Rembrandt painted his Anatomy Lesson of Dr. Nicolaes Tulp in 1632, as an early commission soon after his arrival in Amsterdam. It’s a group portrait of distinguished members of the Surgeons’ Guild in their working environment. Most remarkable is the fact that its principal, Dr Tulp, and most of his colleagues aren’t looking at the dissected forearm.

As cities developed in the Dutch Republic, guilds and associations flourished. This wasn’t a period of peace, and most towns and cities required adult males to be members of the local civic militia or schutterij for mutual defence. These were operated using the guild model, with local men appointed to military rank for their command. Their roles included helping defend the town or city in the event of attack or revolt, and manning a night watch, in which members took turns to patrol the streets.

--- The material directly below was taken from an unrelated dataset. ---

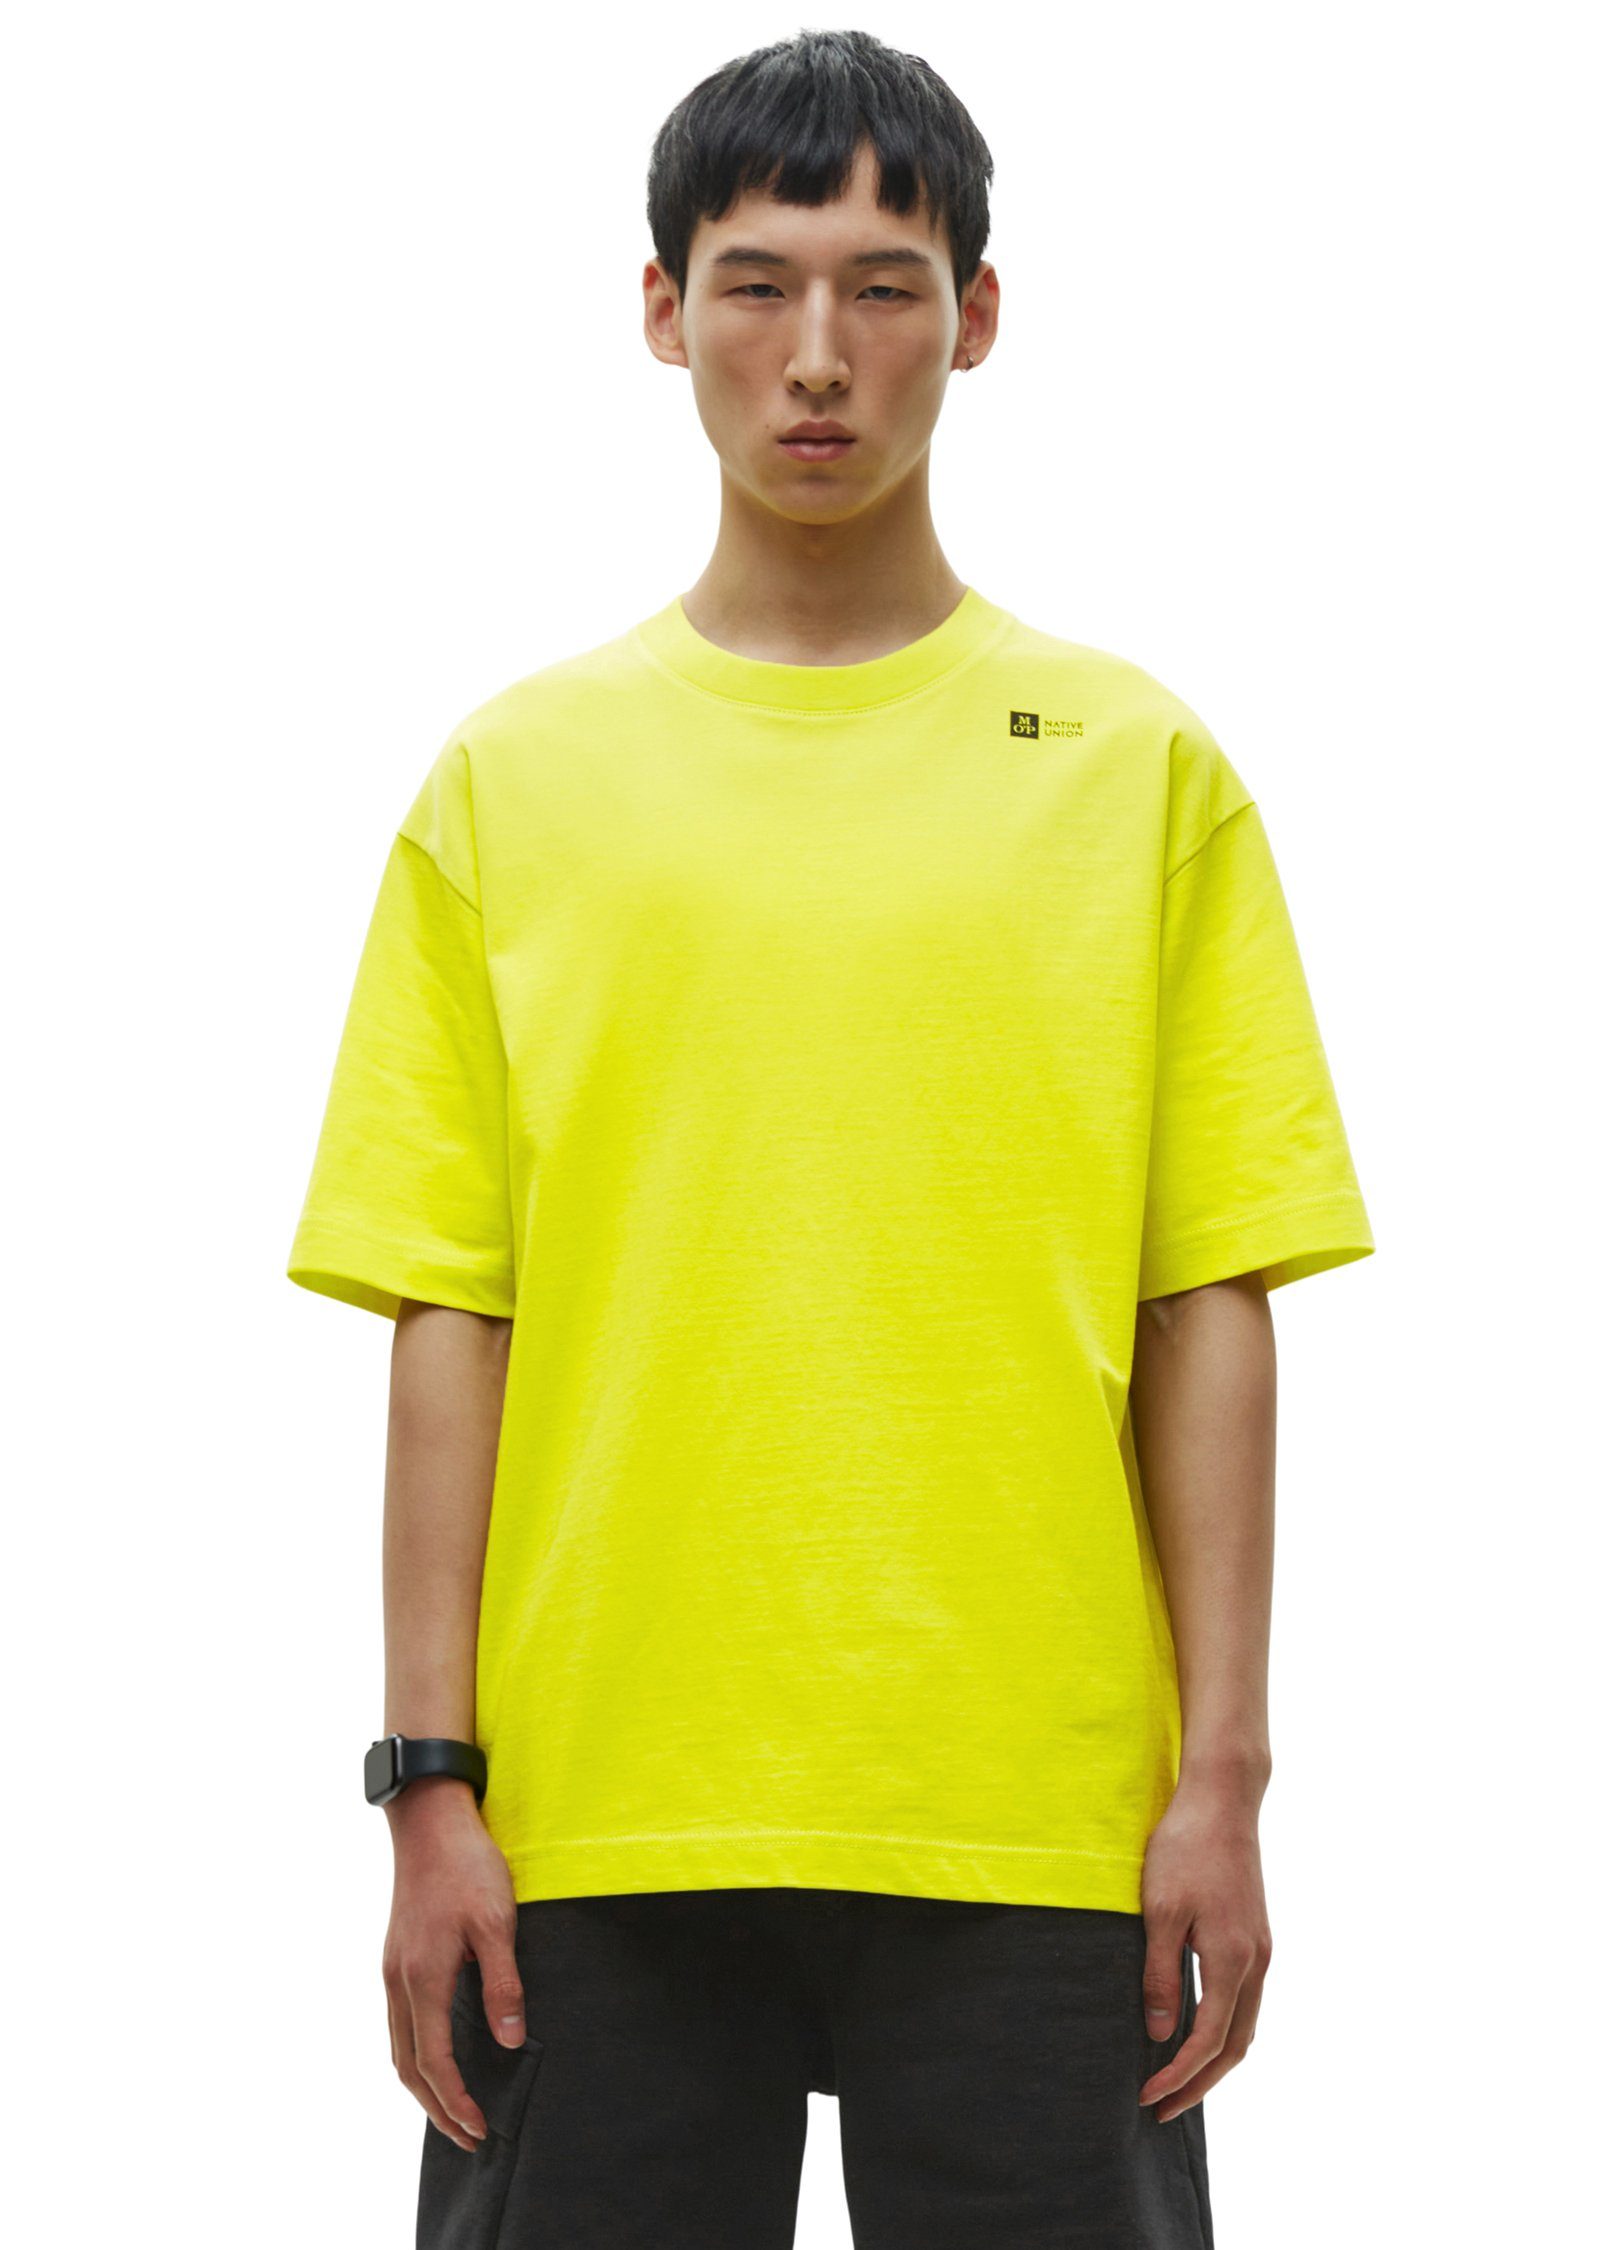 Marc O'Polo T-Shirt mit Logo und Rückenprint gelb

Frans Hals (1582/1583–1666), Banquet of the Officers of the Calivermen Civic Guard (1627), oil on canvas, 183 x 266.5 cm, Frans Hals Museum, Haarlem, The Netherlands.

One of the earlier of these group portraits is Frans Hals’ Banquet of the Officers of the Calivermen Civic Guard from 1627. Contemporary records have enabled their identification as (from the left) Willem Claesz. Vooght, Johan Damius, Willem Warmont, Johan Schatter, Gilles de Wildt, Nicolaes van Napels, Outgert Akersloot, Matthijs Haeswindius, Adriaen Matham, Lot Schout, Pieter Ramp, and Willem Ruychaver at the right.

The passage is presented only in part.